Table 1. Participant characteristics.

FIGURE 1

Figure 1. Overall flow chart of the experiment. The entire experimental process comprises five key steps. First, data are collected from Parkinson’s disease patients, and assessments of non-motor symptom scales are performed. Second, image data are acquired using the MULTIPLEX sequence. Third, automatic brain region segmentation and quantitative data measurement are achieved through deep learning technology. Fourth, brain regions associated with the studied non-motor symptoms are identified and labeled. Finally, brain region feature selection is conducted, followed by model performance evaluation.

FIGURE 2

Figure 2. Flowchart of patient enrollment. Flowchart of patient enrollment in this prospective study conducted at China-Japan Union Hospital of Jilin University (Between January 2017 and December 2021). Among the 53 participants initially screened, 16 were excluded based on predefined criteria (detailed reasons are shown in the figure). Therefore, a total of 37 participants underwent MR head MULTIPLEX sequence scanning and were included in the final analysis.

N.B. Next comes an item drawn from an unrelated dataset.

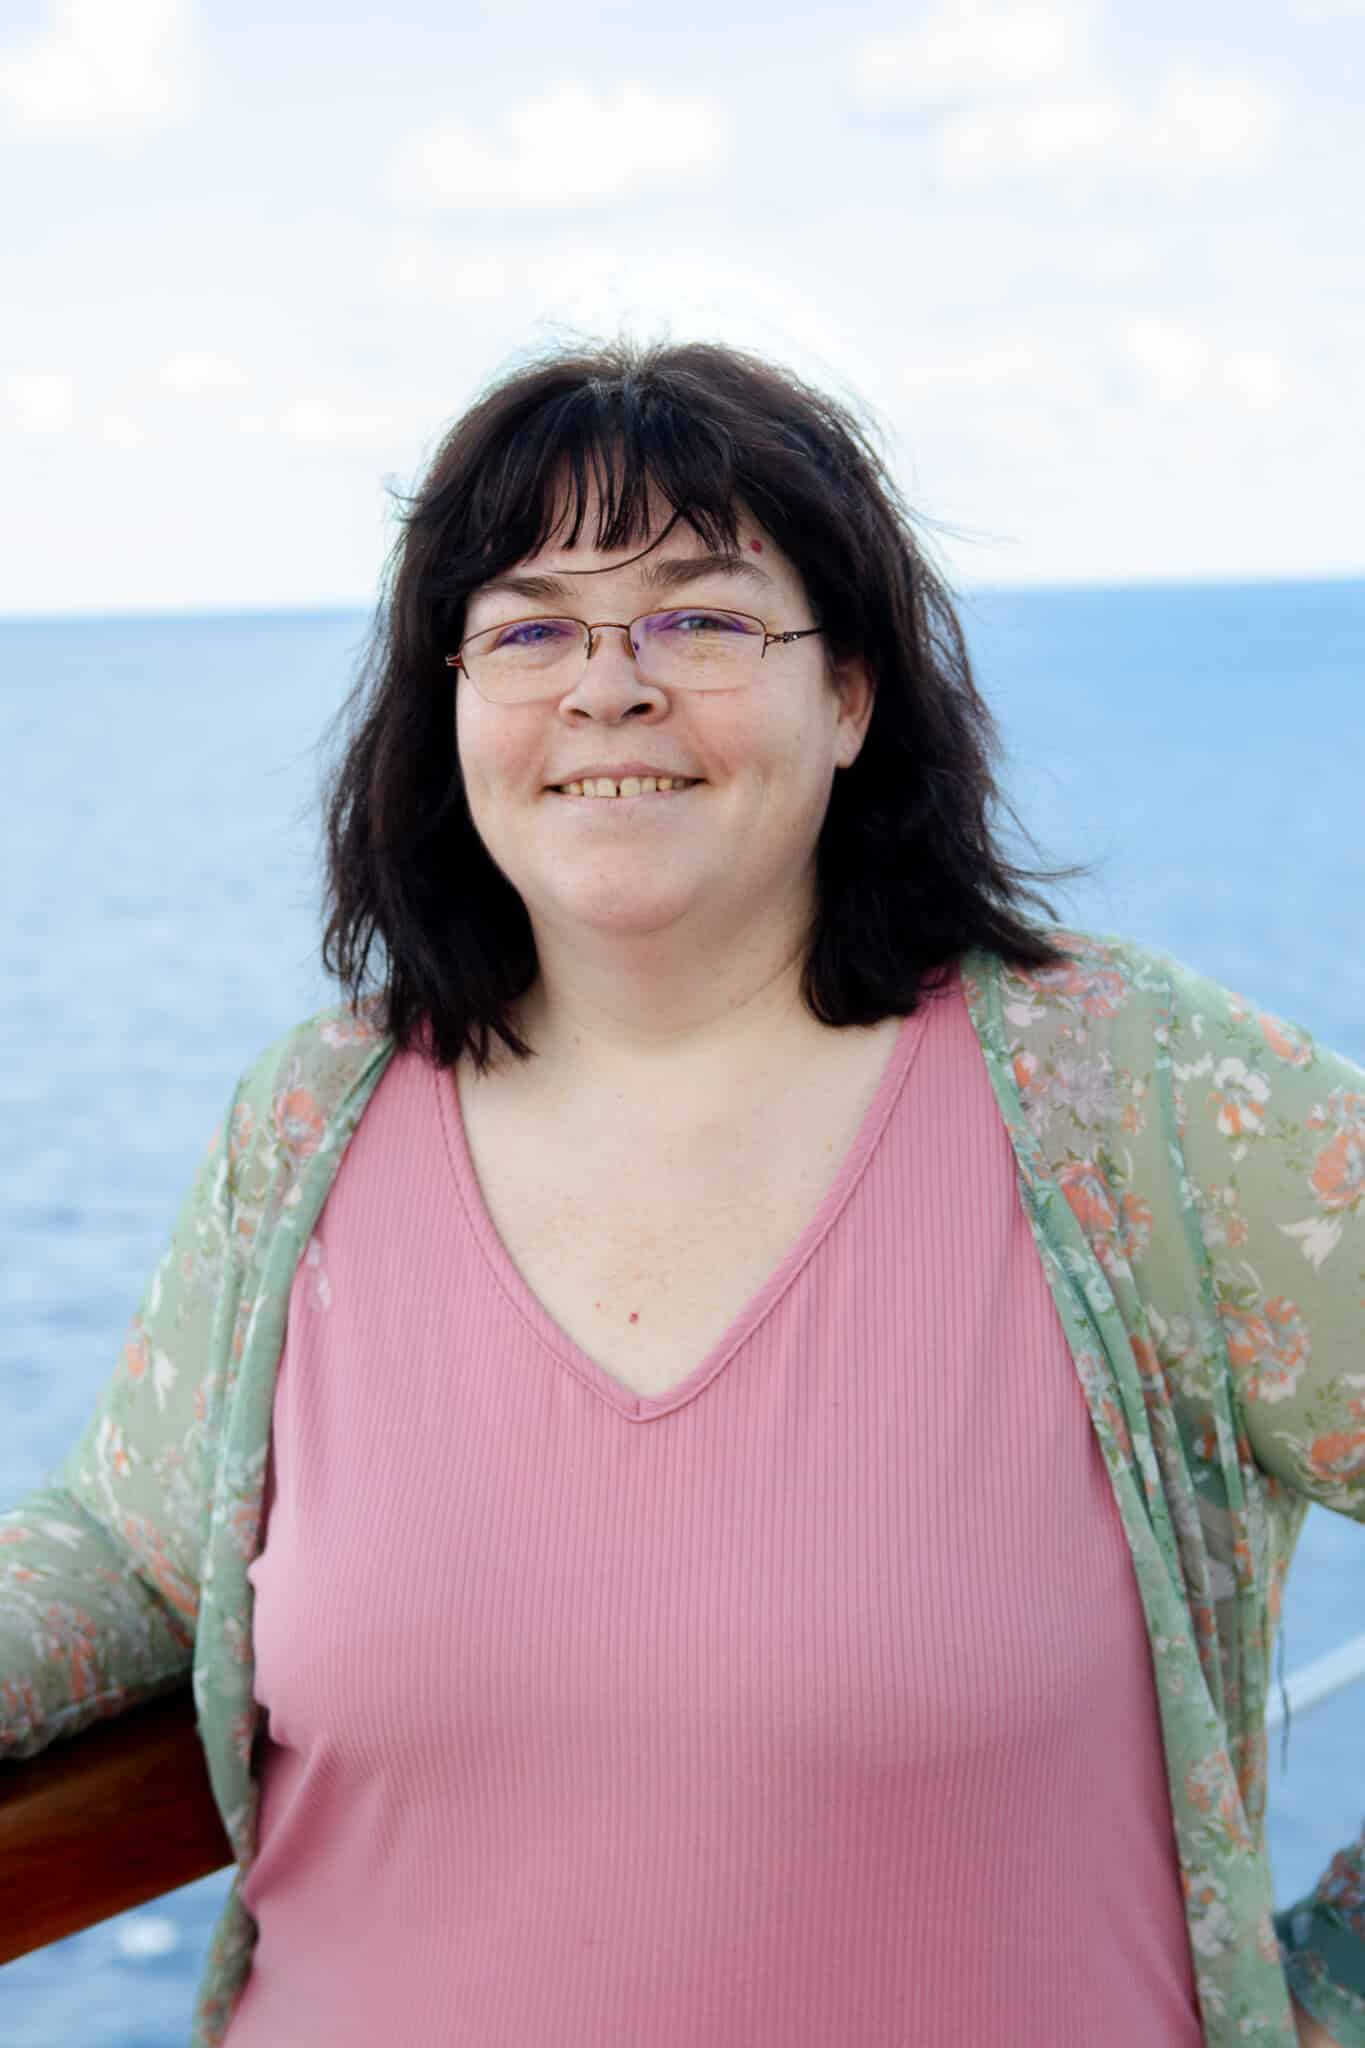 Mary, Mental Health SEO Specialist, outside over the ocean smiling. Mary is a technical SEO Specialist for mental health counseling and therapy websites in the United States, United Kingdom, Canada, and beyond.

Non-motor symptom assessments

Two experienced movement disorder specialists, LZ (20 years of experience) and YC (15 years of experience), conducted neurological evaluations on the participants. These specialists administered a range of non-motor assessments to the PD patients. Specifically, the Hamilton Anxiety Scale (HAMA) was used to assess and categorize anxiety disorders, while the 17-item Hamilton Rating Scale for Depression (HAMD) was utilized for depression assessment. Patients ceased antiparkinsonian medications at least 12 h prior to these clinical evaluations (Leentjens et al., 2000; Hamilton, 1959).

MRI acquisition

MRI scans were conducted using a 3-Tesla MRI system (uMR780; United Imaging Healthcare, Shanghai, China) paired with a 32-channel head coil. The MRI protocols included sagittal 3D T1-weighted imaging (3D T1WI), axial T2-weighted imaging (T2WI), axial fluid-attenuated inversion recovery (FLAIR) T2WI, and MULTIPLEX sequences, which comprised T2*-mapping, QSM, T1-mapping, and proton density-mapping. Specific parameters of these sequences detailed in Table 2.

TABLE 2

Table 2. Parameters of MRI sequences.

Segmentation and evaluation of subregions

The deep learning model developed on the United Imaging platform¹ was employed to automatically segment the whole-brain subregions from each patient’s MULTIPLEX data, including 3D T1WI, T2* mapping, QSM, T1 mapping, and proton density mapping. This process was guided by the Automatic Anatomical Labeling Atlas version 3 (AAL3) (Rolls et al., 2020). The training methodology and reference standards closely aligned with those reported in prior studies (Desikan et al., 2006). The automatic segmentation results encompassed a total of 106 subregions, including 22 temporal lobe structures, 20 frontal lobe structures, 12 parietal lobe structures, 8 occipital lobe structures, 8 cingulate gyrus structures, 2 insular structures, 12 subcortical gray matter structures, as well as cerebral white matter, ventricles, the cerebellum, and other anatomical regions. Notably, left and right hemispheric structures were identified as distinct entities. After automatic segmentation by the deep learning model, two senior radiologists (HS, ZH Mo) with over 10 years of experience reviewed the results. The two radiologists independently verified the accuracy of the segmentation results for all 106 sub-regions in this study. The inter-rater agreement on image segmentation accuracy was assessed using Cohen’s kappa (κ = 0.88).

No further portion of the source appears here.